Julio Antonio Mella murió el 10 de enero de 1929, vilmente asesinado en México. El Asno con garras lo mandó a matar para segar su ejemplo. El revolucionario que más había hecho por Cuba en menos tiempo, tal como lo calificara Fidel, tenía al morir 26 años.
Mucho nos enseña su vida, consagrada a la dignidad humana, la que, en conceptos martianos, debía alcanzar todo hombre.
Acaso lo más valioso de su existencia es que lo revolucionario no viene prescrito ni con moldes diseñados. El líder virtuoso, el fundador de la Federación Estudiantil Universitaria, sabía que era necesaria otra universidad. Para él, la única solución a la mediocridad que allí campeaba era vencer la mediocridad de la República.
Para eso rescató al Apóstol antimperialista de los homenajes rimbombantes y vacíos en los que se le ocultaba. De revolucionario a comunista; de maestro de obreros a estudiante de obreros; de fundador de universidades a fundador del Partido Comunista de Cuba. Perseguido, temido en su liderazgo. Y entonces, asesinado.
Cuando los centristas de su época quisieron pasar de contrabando la reforma y no la revolución, Mella, como una tromba, los desnudó por su nombre.
El único antimperialismo que merece su nombre es el anticapitalista. La única revolución que ha de escribirse con mayúscula es la antiburguesa. El único futuro que merece todos los sacrificios es el que conduzca a una sociedad sin clases. La única lucha, la que conquiste toda la justicia.
Cuando enero recuerda el crimen, el pensamiento cuestiona qué Mella debemos rescatar. ¿El de mármol en busto, con gesto viril y heroico, como un héroe ejemplar, o el iconoclasta, antidogmático, rebelde, revoltoso?
¿El que descansa en páginas apacibles, como ejemplo del «disciplinado» que nunca fue, o el indomable que no cabe en libro alguno? ¿El fundador o el expulsado? ¿Quiénes llaman a la puerta? ¿Cuáles puertas abriremos?

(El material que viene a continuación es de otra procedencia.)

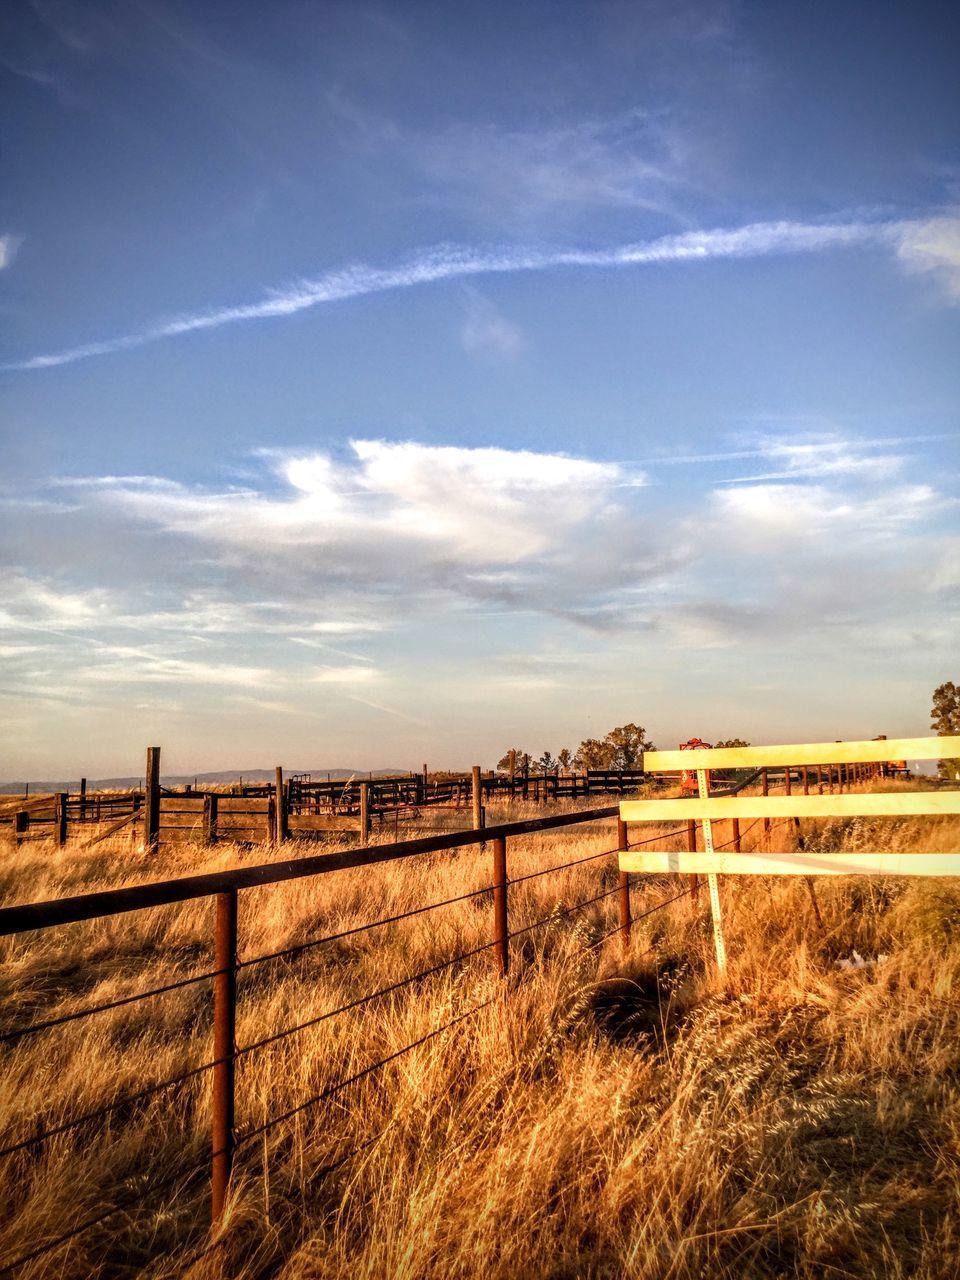 Rural Landscape At Dusk

La fecha convida a pensar, una vez más, de qué juventud revolucionaria es la que se precisa. La hora apunta a la acción, a no dejar morir al que en México no hizo sino elevar su vida, al que renace de entre sus cenizas, custodiadas por la Universidad. Mientras construimos las respuestas, que nos llegue el grito vital de Mella en su agonía: ¡Muero por la Revolución!